Hyperparameter tuning entails adjusting the values that the model did not learn during training. Potential hyperparameters to tune for the provided code snippet included the learning rate, batch size, and number of units in the densely connected layers. During optimization, the learning rate affects the step size, which can be modified to obtain the best value for convergence. The batch size, which influences the amount of data processed in each iteration, can affect the training speed and memory utilization. In this work, we chose 32 batch sizes for each model and 100 epochs. Furthermore, the number of units in the dense layers (for example, 128 in the code) could be varied to find a design that balances complexity and efficiency for this DR classification problem. In all the above models, we used consistent values for the hyperparameters, such as a learning rate of 0.001, batch size of 32, and units in the dense layers randomly chosen between 64 and 256, which was explored during hyperparameter tuning. The grid search technique was employed to systematically search the hyperparameter space and improve the model’s overall performance in HPCC of Google Collab Pro.

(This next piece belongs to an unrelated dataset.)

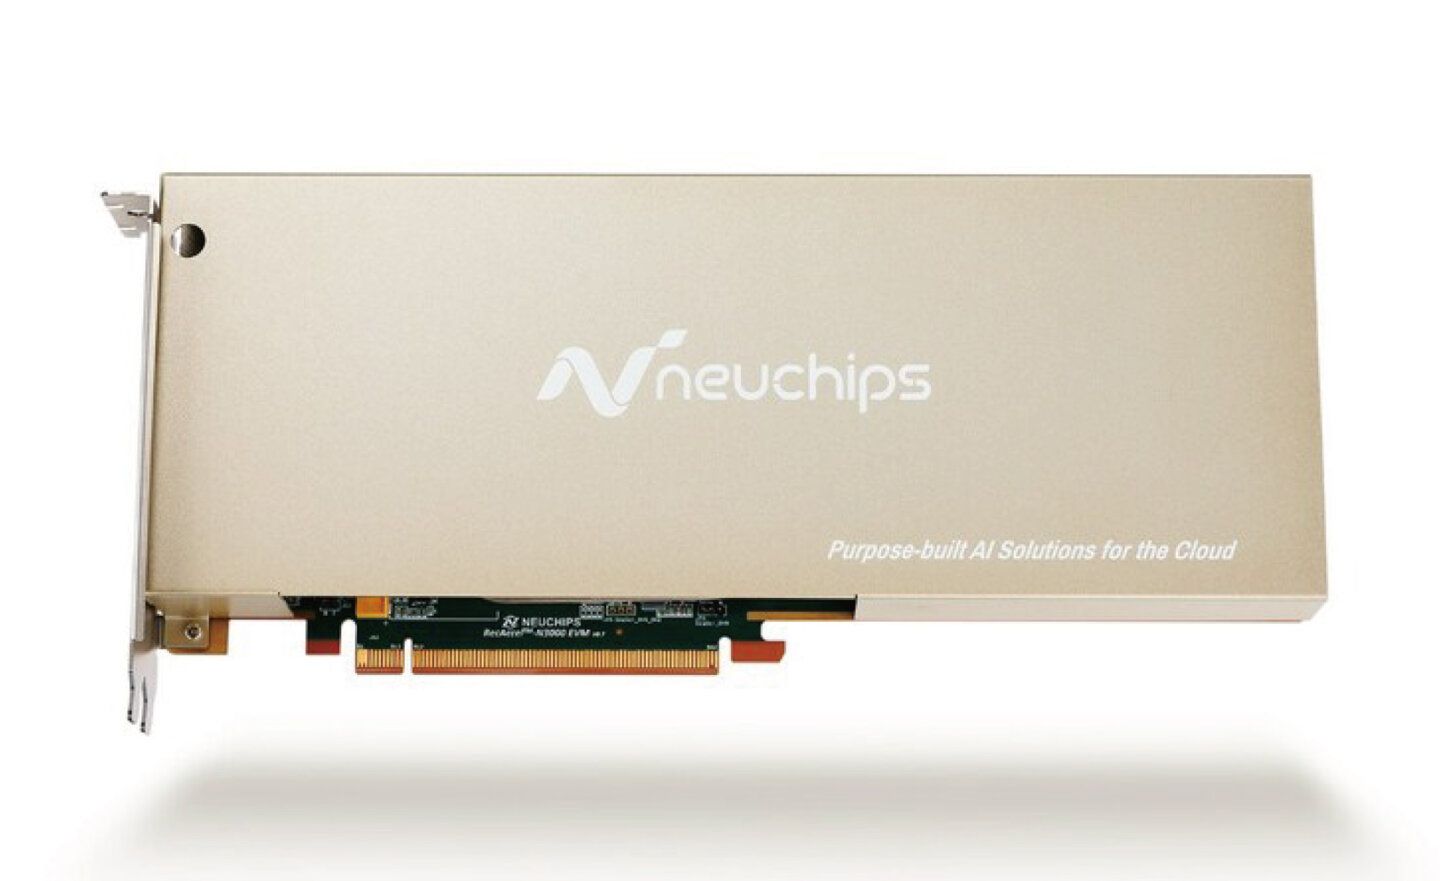 Neuchips 創鑫智慧開發 Raptor 晶片，可實現離線版 ChatGPT

4.8. Model Diagnosis by Evaluation Matrices

The evaluation metrics for the performance of the DenseNet201, VGG19, ResNet50, and MobileNetV2 techniques in DR classification were calculated using standard classification metrics. Let

T P, T N, F P

, and

F N

represent true positives, true negatives, false positives, and false negatives, respectively. The accuracy

(A c c)

, precision (Prec), recall (Rec), and F1-score (F1) are defined as follows:

A c c = \frac{T P + T N}{T P + T N + F P + F N} .

(11)

Prec = \frac{T P}{T P + F P} .

(12)

Rec = \frac{T P}{T P + F N} .

(13)

F 1 = \frac{2 \cdot Prec \cdot Rec}{Prec + Rec} .

(14)

These metrics in Equations (11)–(14) provide a comprehensive assessment of the models’ performances. They consider both correct and incorrect classifications, with precision emphasizing the accuracy of positive predictions, recall capturing the ability to detect positives, and F1-score balancing precision and recall for a more nuanced evaluation of DR prediction.

4.9. AUC Analysis

AUC values, representing the Area Under the Receiver Operating Characteristic (ROC) curve, provide insights into the performances of the four models—DenseNet201, ResNet50, VGG19, and MobileNetV2—in the context of DR classification. AUC is a metric that evaluates the ability of a model to distinguish between positive and negative instances, with a higher AUC value indicating a better discriminatory power. In our results, the AUC values varied slightly among the models, demonstrating nuanced differences in their performance. The AUC was calculated by integrating the true positive rate (TPR) with respect to the false positive rate (FPR) over the interval

[0, 1]

.

AUC = \int_{0}^{1} TPR ({FPR}^{- 1} (t)) d t .

(15)

here, TPR represents the true positive rate, FPR represents the false positive rate, and

t

varies from 0 to 1 in Equation (15).

4.10. Identification of Isolate Regions of Interest (IRIs) in a Retinal Scan

The primary objective of this section is to develop a robust and efficient method for segmenting retinal images in the context of predicted DR scans by leveraging advanced clustering and active contour models. Specifically, this study aims to enhance the identification and delineation of pathological features, such as lesions and blood vessels, which are indicative of varying severity levels of DR. Moreover, we propose the use of the Modified Gradient Vector Flow (MGVF) active contour model to address the challenge of non-convex regions in DR images, which are difficult to segment using traditional clustering methods. By incorporating gradient information into the MGVF model, the objective is to improve the accuracy of segmenting irregular and complex patterns within retinal images, ultimately enabling the more precise detection of DR severity in a particular location. This approach will contribute to the development of more reliable diagnostic tools for the early detection and classification of DR. Let us discuss image segmentation first, where we can use the DR images detected by the ensemble method discussed above.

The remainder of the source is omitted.